I’ve been reading C.S. Lewis’ Space Trilogy.  I’m currently on Perelandra, having already read Out of the Silent Planet.  The first one was okay; I actually enjoyed it.  But the second one is giving me all sorts of anxiety.  (If you haven’t read this book, but think you might, you might not want to read my blog, but as I’m not even all the way through, I can’t give the ending away.)

So far, it is a new Adam & Eve scenario with a few differences.  There are three players, like the original, but the King (Adam) is missing.  The Lady (Eve) is there, plus the devil, plus a fellow from our own planet, Ransom.  And the devil is now doing his best to convince the Lady that she should disobey Maleldil (God) because it will make her wiser, and besides, He actually wanted her to disobey, to become her own person, etc.

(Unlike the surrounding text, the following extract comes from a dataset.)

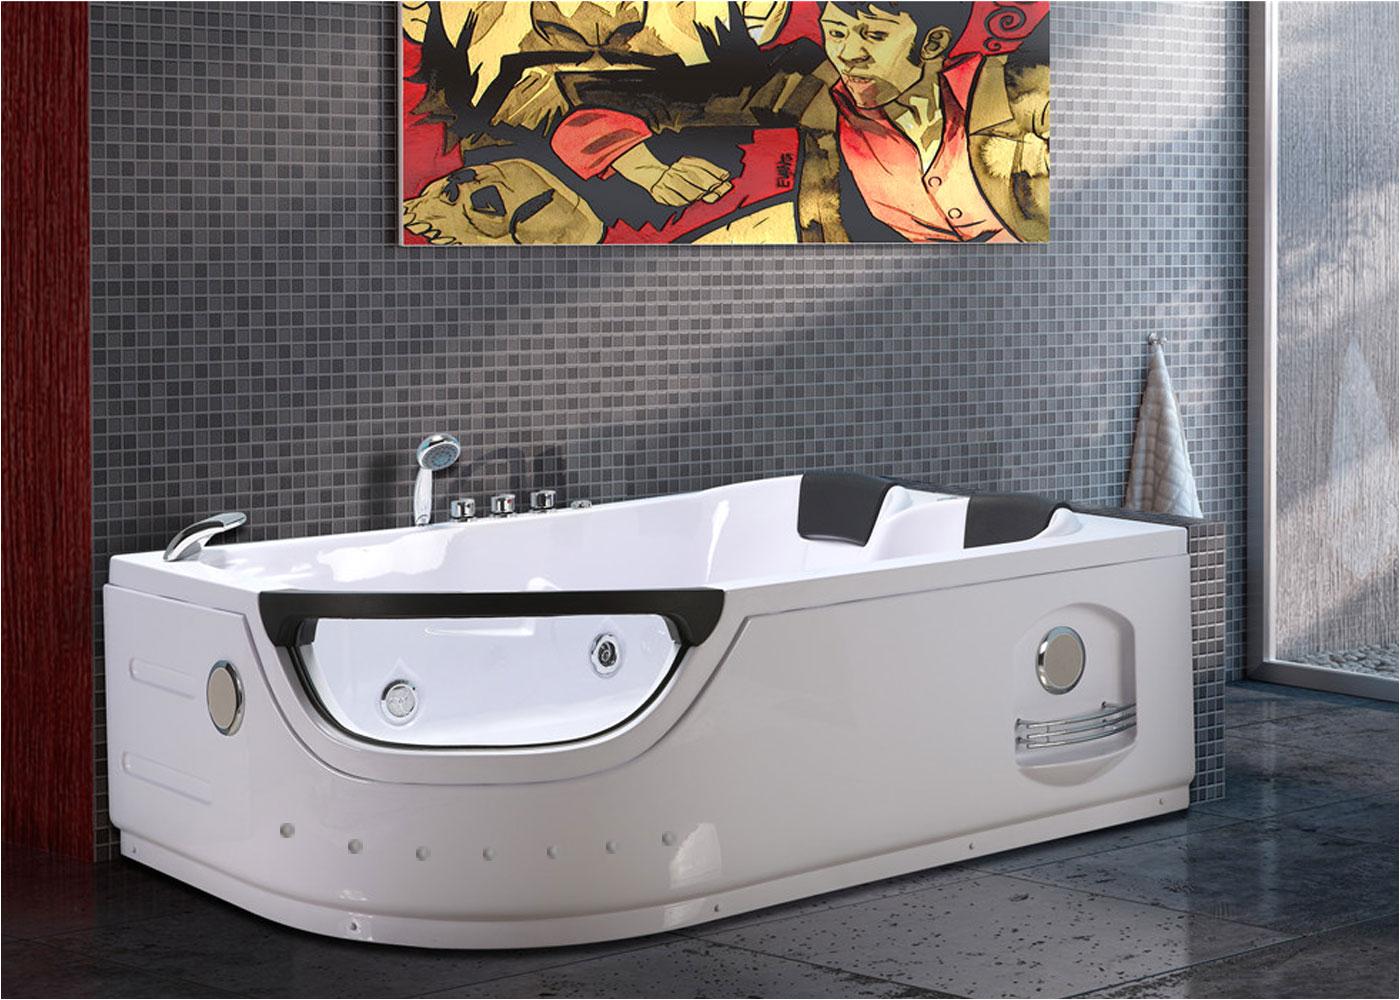 whirpool bathtub hot tub double pump elite

There is something about reading about people considering making stupid decisions when they know the right one that gives me anxiety and stress.  Probably because I liken it too much to my own self and how stupid it is to make sinful choices when I know what the good, right and true choices are.

But it also feels forced and tedious to me.  It is another way, a long drawn out and detailed way, of explaining original sin, and really the daily sin we encounter.

And it feels terrible.  Honestly terrible to consider that something so pure should become corrupted.  Even if the Lady makes the right decision, the decision to obey, she will never return to her original state of purity and innocence.  That has been forever tainted to some extent.  And where is the stupid King in all of this?  If Lewis is going to present this story in the context of patriarchal man who needs to protect the woman in his life, then by golly, that man had better be doing his job.

So perhaps I am merely reacting to exactly what Lewis hoped to present, but it’s hard to say.  Either way, this book is a struggle for me to read because I do not like it.  Perhaps I will change my mind by the end?

I was thinking about movies today.  There are two major divisions of movies, in my opinion.  One is the kind you want to watch by yourself, and the other is the kind you want to watch with another person.  I’m not sure what makes the distinction.

Last night I tried out the home community group I’ve been talking about.  I won’t be able to go again for a couple weeks because I’ll be out of town, but I had a delightful time.  I knew four other people there, which was great, and the others seemed really friendly.  It wasn’t a normal meeting, as during the summer they’re just social gatherings, but I think it will be a good fit.  Although, at the end of the evening, a whole bunch of them ended up singing karaoke, which is never something I participate in, but it was quite enjoyable to observe.  It’s always interesting to see people in unexpected contexts.

Life has been taking some upward turns.  I like it.

I think that whenever I get anxious about life, I start daydreaming about new adventures.  It’s my coping mechanism.  So I think about where I could move, what I could do instead, what drastic changes I could make.  And I’m pretty sure that the Midwest always seems like a good idea.

If I moved to Duluth, MN, I could find a one bedroom apartment for in between $500-$600.  And I’m sure I could easily find a job.  The biggest attraction, naturally, being the bearded, flannel plaid wearing, ice fishing men.  (They are there; don’t deny it.)

If I moved to Deerfield, IL, I could attend TEDS, going further into debt, but at a much more academically inclined school. (I’ve considered them for a ThM, if I should ever get one.)

Or sometimes I consider going back into Nursing.  I could do that here, or nearly anywhere.  But I don’t think I want to be a nurse so much as I want to know I can support myself.

A year isn’t much time.  And that’s when I’ll be done with my MABS.  I like the life I’m building here; I’d like to stay when I’m done.  But I suppose a lot just depends on what God throws my way.